At a time when cities everywhere are striving to create jobs and stimulate their economies despite massive budget cuts, it looks as though support for nonprofit organizations in the arts has been a winner, particularly in our arts-rich region.
Arts and Economic Prosperity IV, the latest study by Americans for the Arts, a national organization based in Washington, D. C., examined the way nonprofit cultural organizations affected 182 communities nationwide in every state and the District of Columbia for the fiscal year 2010. Santa Barbara far outstripped the median benefit for cities of comparable size and for the nation, with our arts organizations and their audiences generating nearly $125 million in total economic impact.
On Thursday, the County Arts Commission will host a forum to present these results at the Lobero Theatre beginning at 3:30 p.m. Mayor Helene Schneider will get things started by proclaiming October “Arts and Humanities Month” in Santa Barbara, and Kathy Janega-Dykes of the Conference and Visitors Bureau and Film Commission will report on the progress of their “Culture 101” program. The event’s keynote speaker is Randy Cohen, the vice president for research at Americans for the Arts, who will explain the context for the study and answer questions about its scope, methods, and significance.
Copies of the report have been available to media for a week now, and in several instances, the statistics presented are eye-popping. The aggregate spending by nonprofit arts organizations and their audiences in our area totals a whopping $124,016,494, which puts Santa Barbara more than $46 million ahead of the median for similar study regions (meaning urban centers with populations between 250,000 and 500,000).
The gap between Santa Barbara and the overall national median for total economic impact of the arts is even larger — nearly $75 million.
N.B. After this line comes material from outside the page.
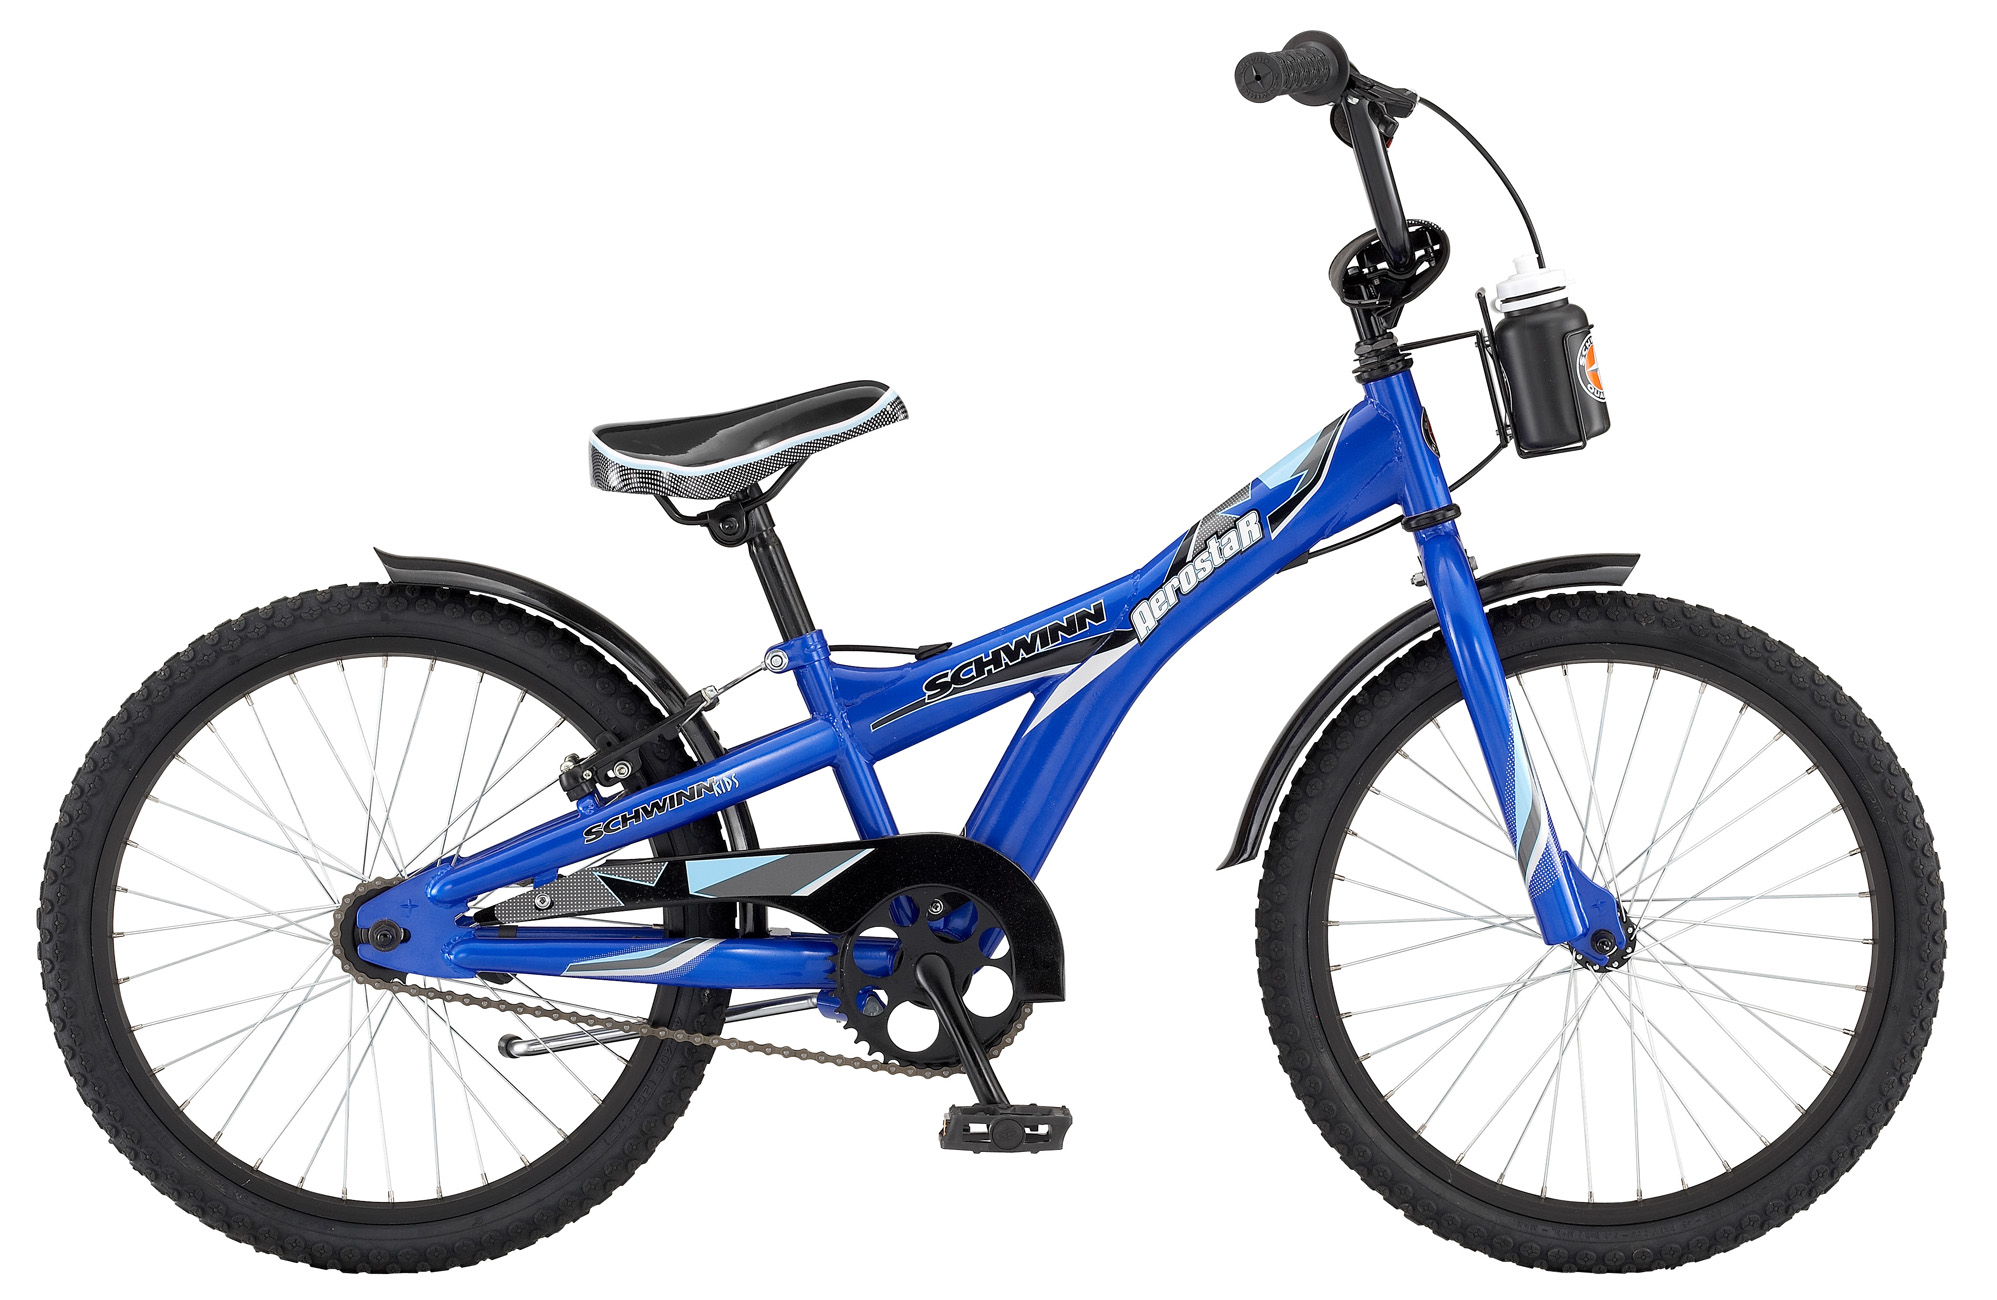 Купить подростковый велосипед для мальчика 10 лет. Велосипед Schwinn Aerostar. Велосипед Schwinn 20. Велосипед детский Schwinn 20'. Подростковый горный (MTB) велосипед Schwinn Aerostar (2009).
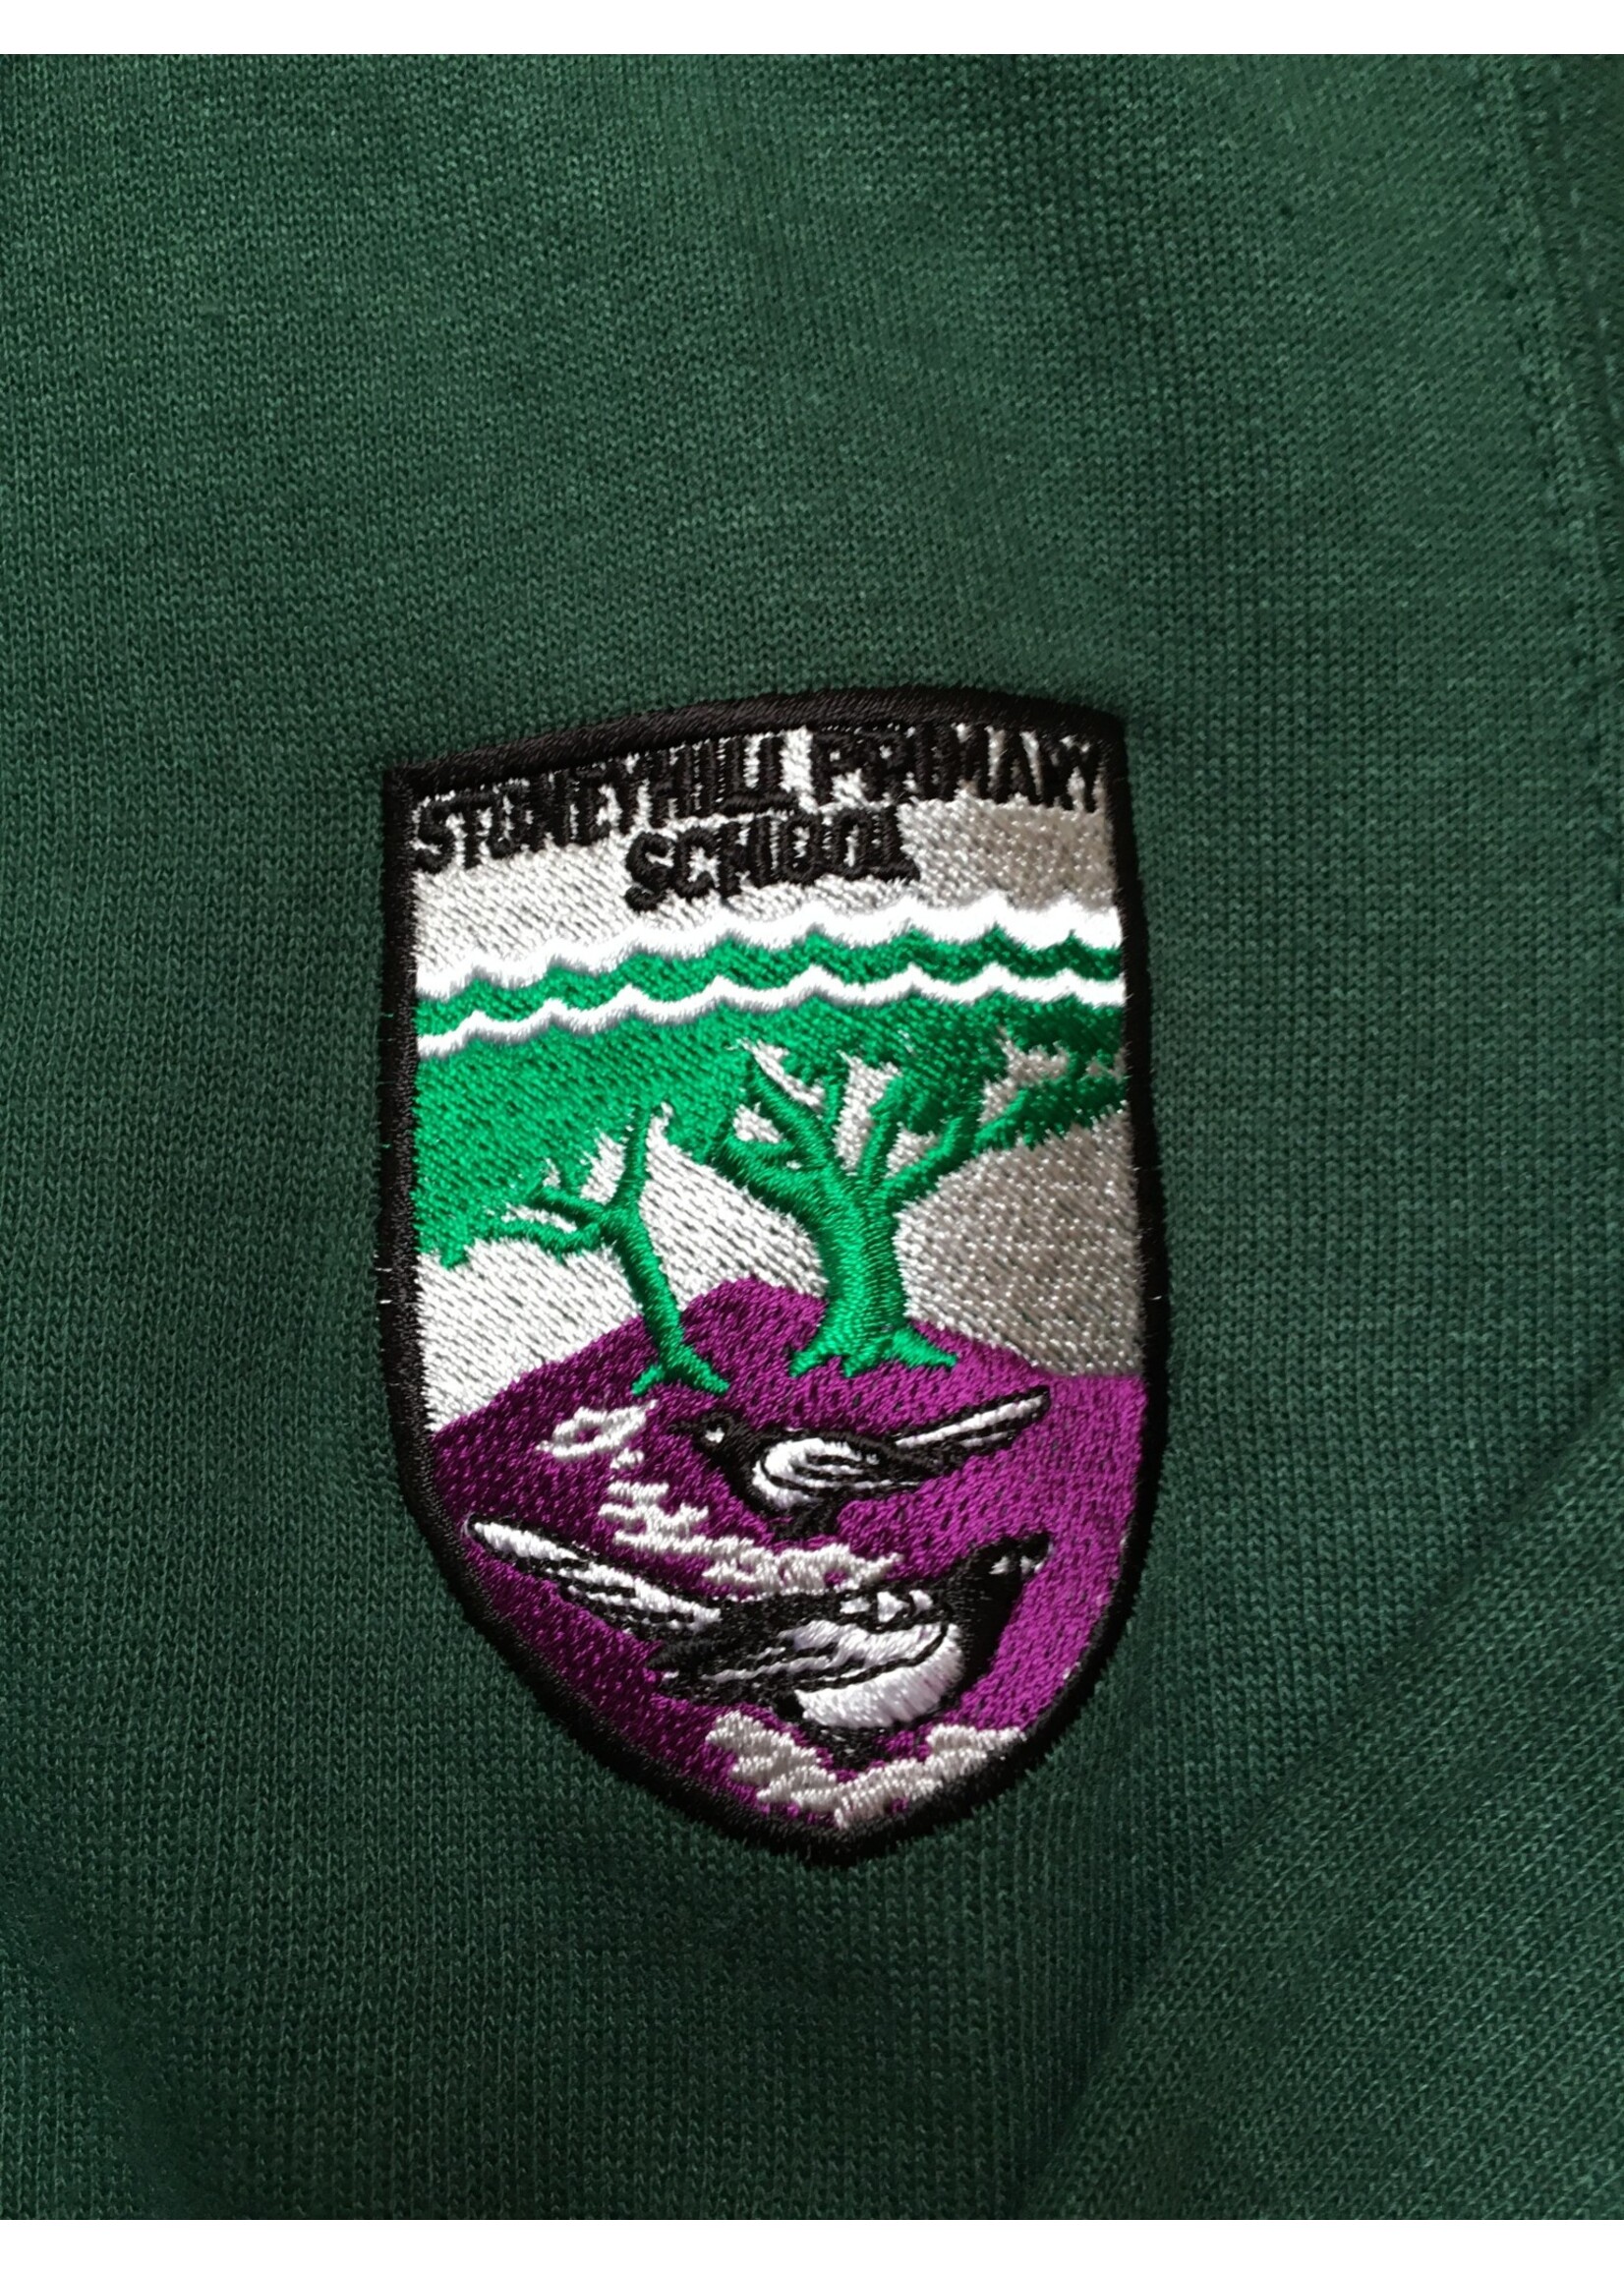 School Uniform - CARDIGAN - STONEYHILL

In addition to a variety of statistics on the economic impact of the arts on our area, the report also includes a compelling account of how the money that arts organizations and their audiences spend tends to stay local. In a section subtitled “How a Dollar Is Re-spent in the Economy,” the report details the indirect ripple effects of a hypothetical expenditure of $200 on paint by a Santa Barbara theater company.
To get a participant’s perspective on how our area achieved this extraordinary level of economic success through promoting the arts and culture, I spoke with Santa Barbara International Film Festival director Roger Durling, whose organization was one of the 73 nonprofits surveyed for the study. As Durling heads into his 10th festival as director, he feels confident that this news about the economic impact of the arts in our county is something that not only can be sustained but can continue to grow.
“I am so optimistic about Santa Barbara as a cultural destination right now,” said Durling, “and that’s why we have decided this year to expand our outreach to the people of Los Angeles and the national media. On October 9, we will be doing our first event specifically geared toward promoting the Film Festival in L.A. It’s called ‘A Taste of the Santa Barbara International Film Festival,’ it’s taking place at The London hotel in West Hollywood, and we are bringing some of our sponsors, such as Bridlewood Wines, with us to get even more people excited about coming here this year.”
Durling is not alone in his optimism. On September 29, an experienced group of entertainment professionals headed by Santa Barbara resident Jim Green announced a partnership with Santa Barbara City College to create a theater festival called Playfest which will have its premiere in January 2013, just a week prior to the Film Festival. As dozens of arts and cultural organizations gear up for another season of activity, this indication that their efforts provide long-lasting and economically significant benefits to the entire community is most welcome.